Slow breathing is not quite a remedy but it is definitely a natural method and I'm surprised it's not yet on your site. It has completely solved my hypertension problem and it's also ideal for relaxation, stress and anxiety relief and much more. You can even use it for panic attacks. I use a method of slow breathing combined with music that is so relaxing and enjoyable.
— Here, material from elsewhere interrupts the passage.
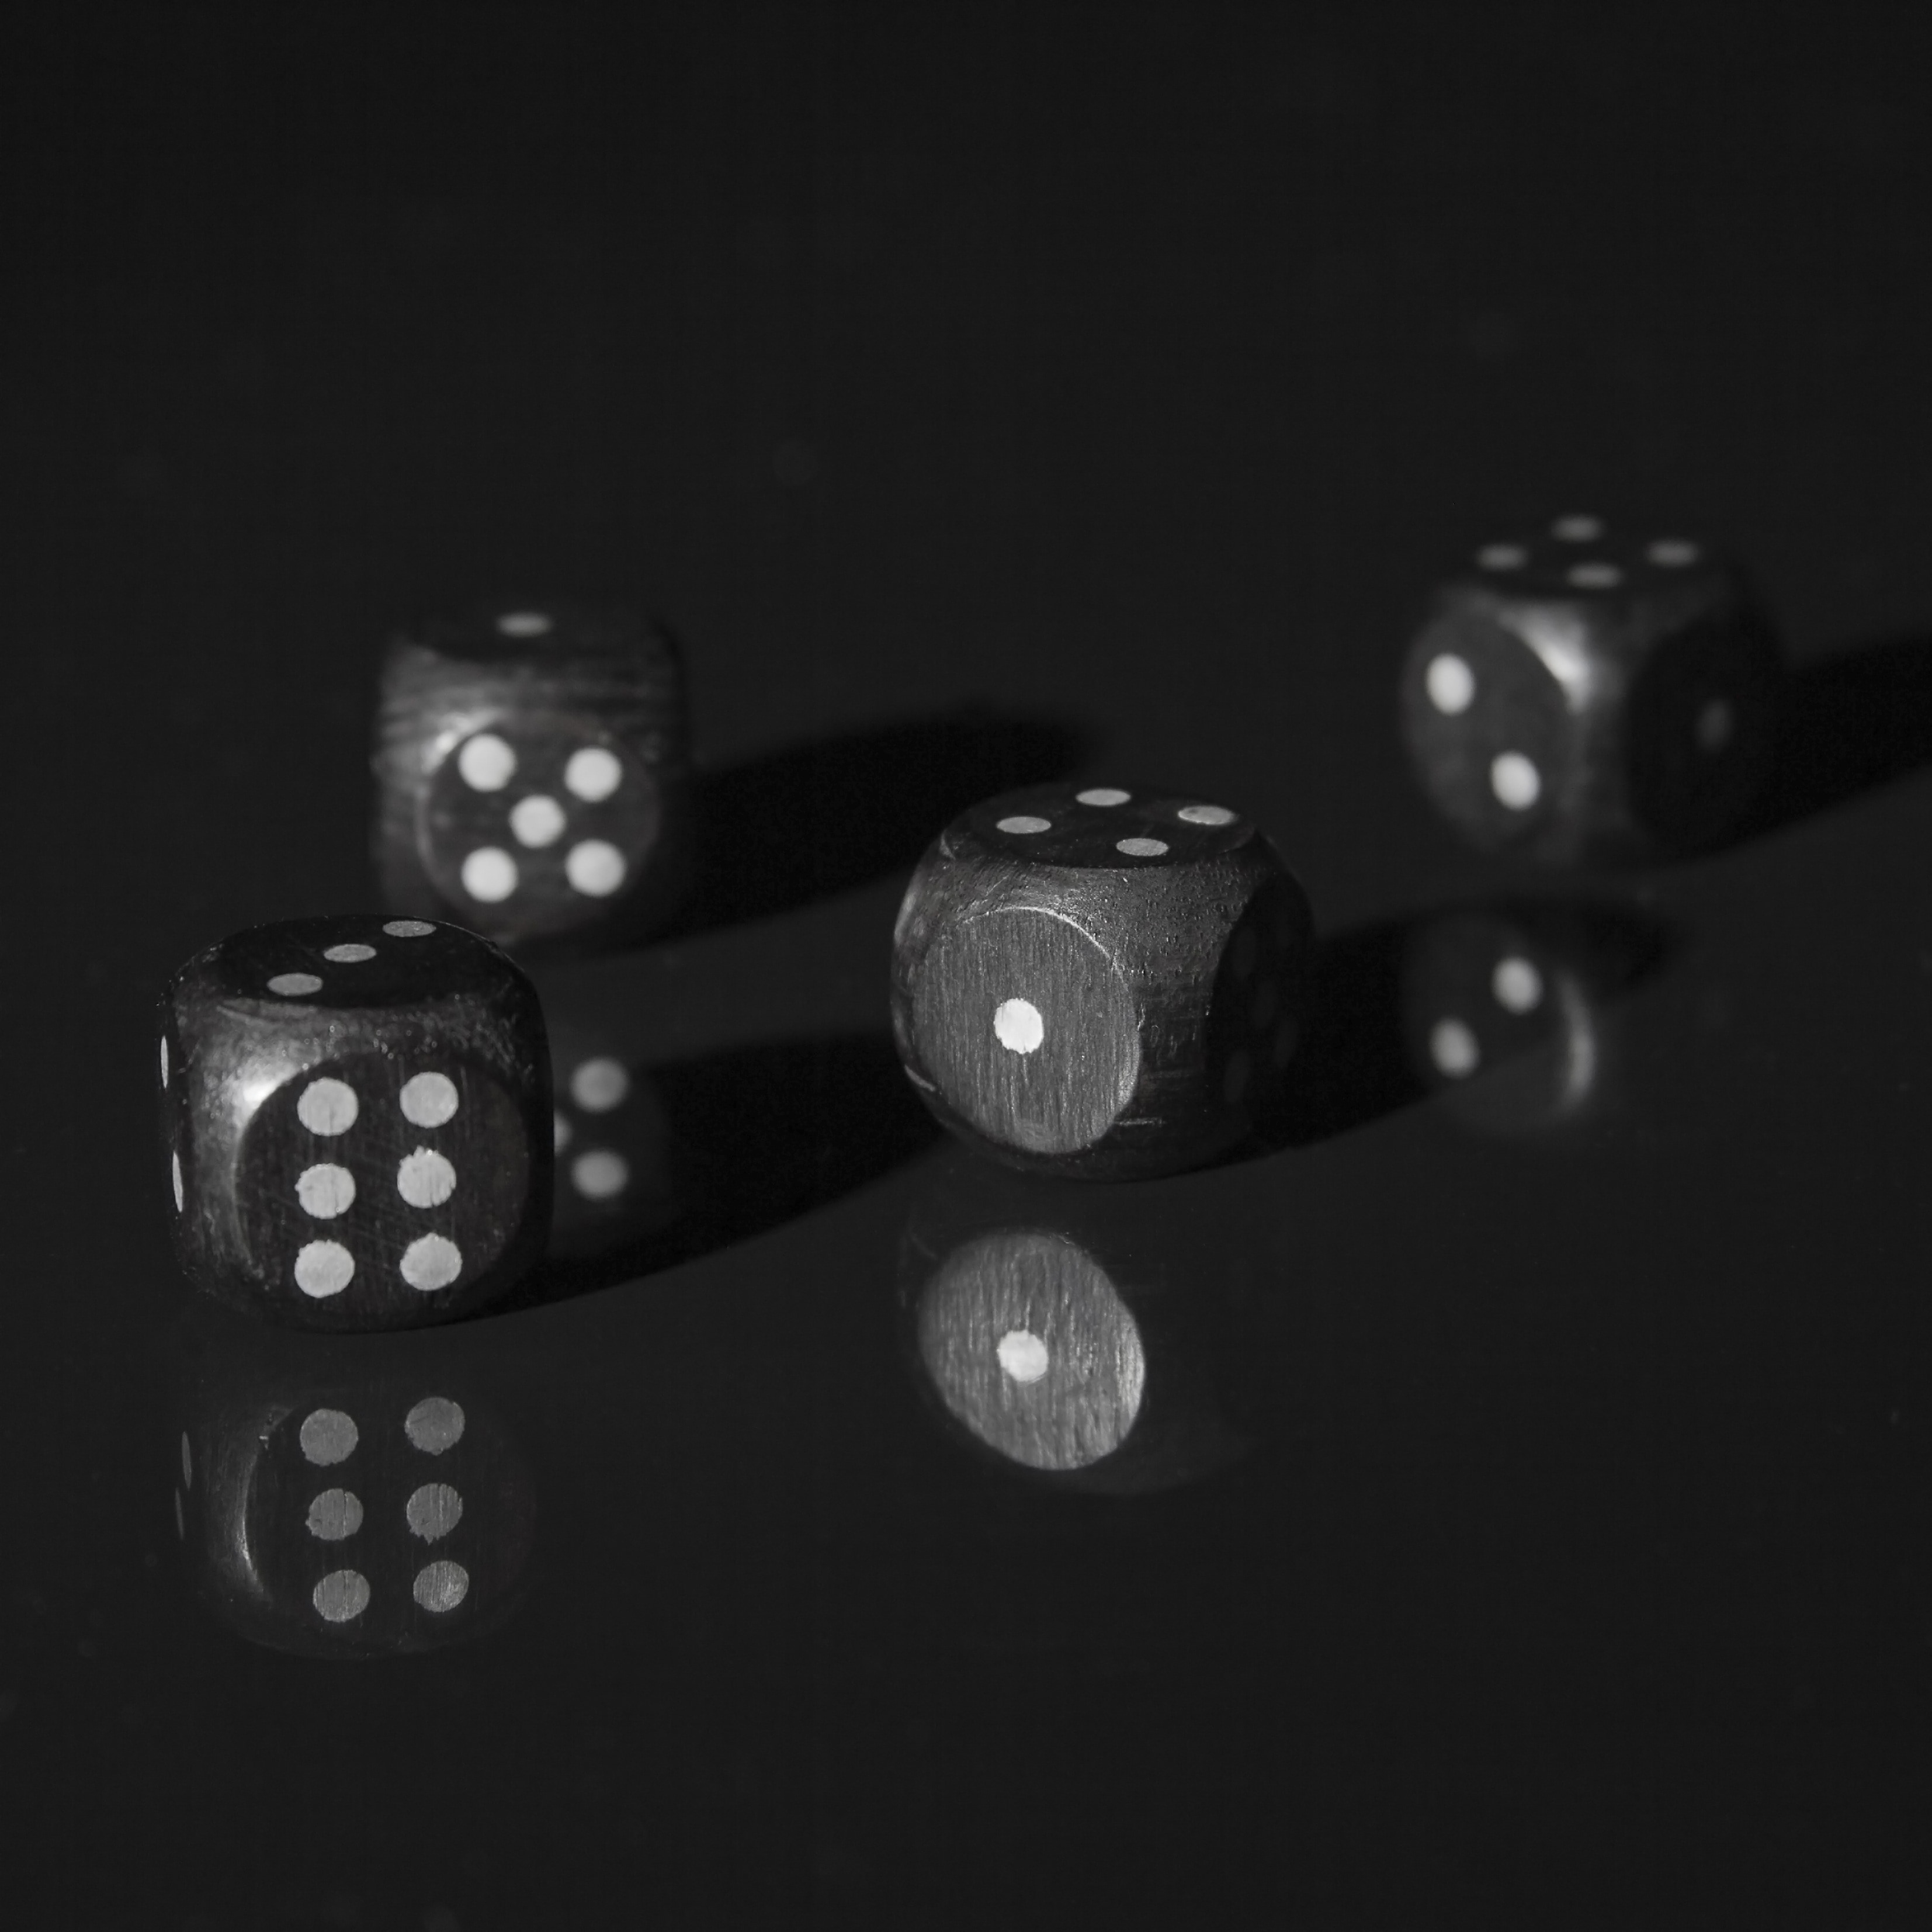 Number, Game, Dice, Random, Cube, Shadow, dice, night

I read about a machine that you can pay a lot if money for, which helps lower your blood pressure by a breathing technique. I learned this Yoga breathing technique which does the same thing. Breath in, (through nose) half way..12345, hold...12345, breath in rest of way...12345, hold..1-5, Breath out half way through lips, 1-5, hold...1-5, finish emptying lungs as slowly as possible through pursed lips. Do 8 rounds of this. 8 is the Chinese lucky number. It is also the symbol for infinity when turned sideways. The object is to take longer on the exhale than on the inhale. I find that I can lower my BP quite a bit with this method.